Introducing Whisper

We have trained and are opening a neural network called Whisper that approaches human-level robustness and accuracy in English speech recognition.

read paper

see code

See card model

Whisper is an automatic speech recognition (ASR) system trained on 680,000 hours of multilingual, multitasking supervised data collected from the web. We show that using such a large and diverse data set leads to greater robustness to accents, background noise, and technical language. In addition, it allows transcription in multiple languages, as well as translation of those languages into English. We are open source models and inference code that serve as the foundation for building useful applications and for future research on robust speech processing.

The Whisper architecture is a simple end-to-end approach, implemented as an encoder-decoder transformer. The input audio is split into 30-second chunks, converted to a log-Mel spectrogram, and then passed to an encoder. A decoder is trained to predict the corresponding text subtitle, interspersed with special tokens that direct the unique model to perform tasks such as language identification, sentence-level timestamps, multilingual speech transcription, and English speech translation.

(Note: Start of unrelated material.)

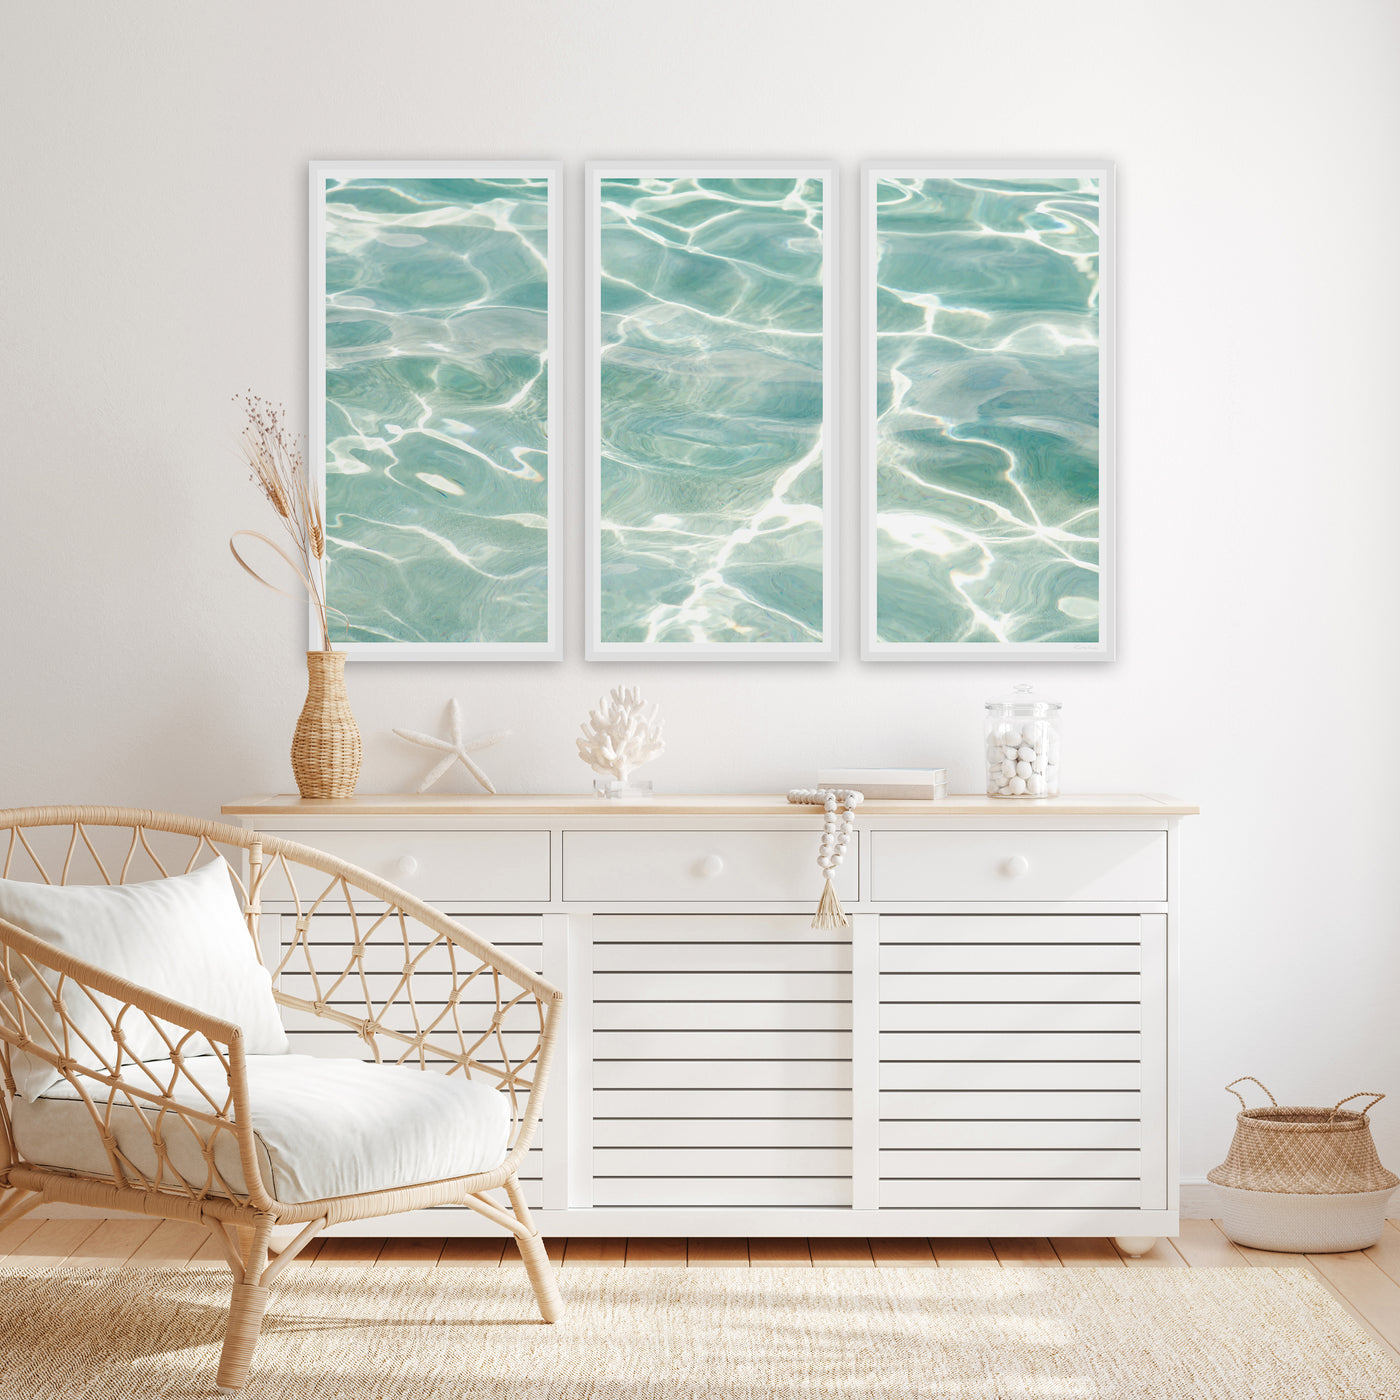 Caribbean Sea No 3 - Multi panel wall art by Cattie Coyle Photography above dresser in beach house

Other existing approaches frequently use smaller and more closely matched audio and text training data sets, or use extensive but unsupervised audio pretraining. Because Whisper was trained on a large and diverse data set and not fitted to any specific one, it does not outperform models that specialize in the performance of LibriSpeech, a famous competitive benchmark in speech recognition. However, when we measure Whisper’s zero-shot performance across many diverse data sets, we find that it is much more robust and makes 50% fewer errors than those models.

About a third of Whisper’s audio dataset is not in English, and is alternately tasked with transcribing in the original language or translating into English. We found this approach to be particularly effective for learning speech-to-text translation and outperforms the SOTA supervised in CoVoST2 for zero-throw English translation.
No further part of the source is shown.